The Kenyan government, through the Kenya Bureau of Standards (KEBS), has issued a statement banning the importation of used car spare parts. The restriction applies only to used car parts and does not put any barriers for importers of new spares.

This is part of the long- term government strategy which hopes to  gradually phase out second-hand vehicles in the country thus increasing demand for locally assembled vehicles.

The agency’s notice requires that parts like tires, tie-rod-ends, bearings, spark plugs, clutch plates, brake pads, tubes, brake hose pipes, rubber bushes, filters, pressure plates, rack ends, ball joints, brake and clutch cables among others are to be imported only as new.

“The used motor vehicle spare parts are not to be imported. This is outlined in the standard and implementation policy that began in March 2018. KEBS has only restricted the used spare parts, not new ones,” said the KEBS Corporate Communications Manager Phoebe Gituku

According to Business Daily- a local newspaper, most of these spare parts are imported from Dubai and Japan.

Businessmen in this line of trade have expressed concerns over the ban stating that most of them and their employees are set to lose their livelihoods.
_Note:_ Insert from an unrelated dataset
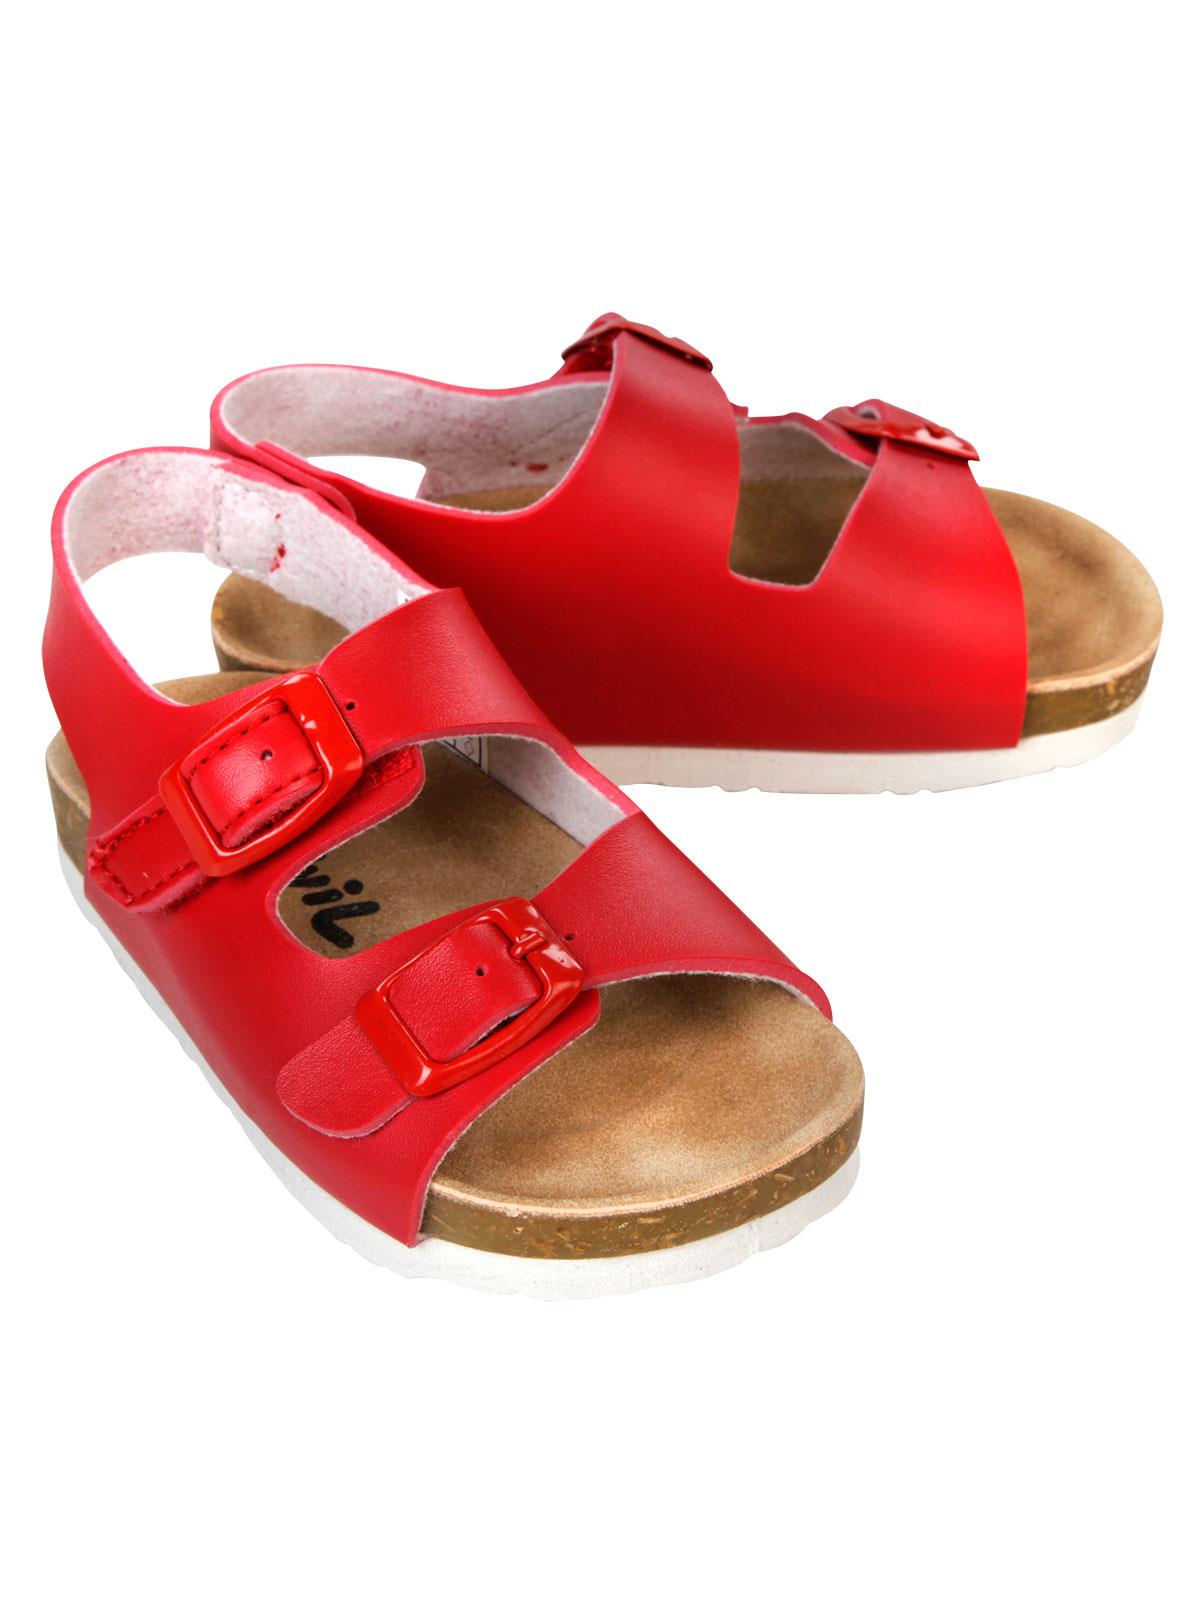 Civil Erkek Çocuk Sandalet 22-25 Numara Kırmızı

“I don’t think they are being genuine and you can see the whole conspiracy from the new motor vehicle dealers to take over the spares market as well. The government is not likely to achieve much because even the salvage motor vehicles still generate a significant portion of the second-hand parts. Some of the so-called new parts are fake and break down very fast,” explained Charles Munyori, who is the Kenya Auto Bazaar Association secretary-general.

The move is set to be a big blow to motorists who hugely rely on the second-hand spare parts which are said to be cheaper and of better quality than new ones from China, Taiwan, Indonesia, and India.

An economic survey shows that in 2018, Kenyans spent an estimated Ksh10.1 billion on the importation of second-hand spare parts based on the preferences of motorists.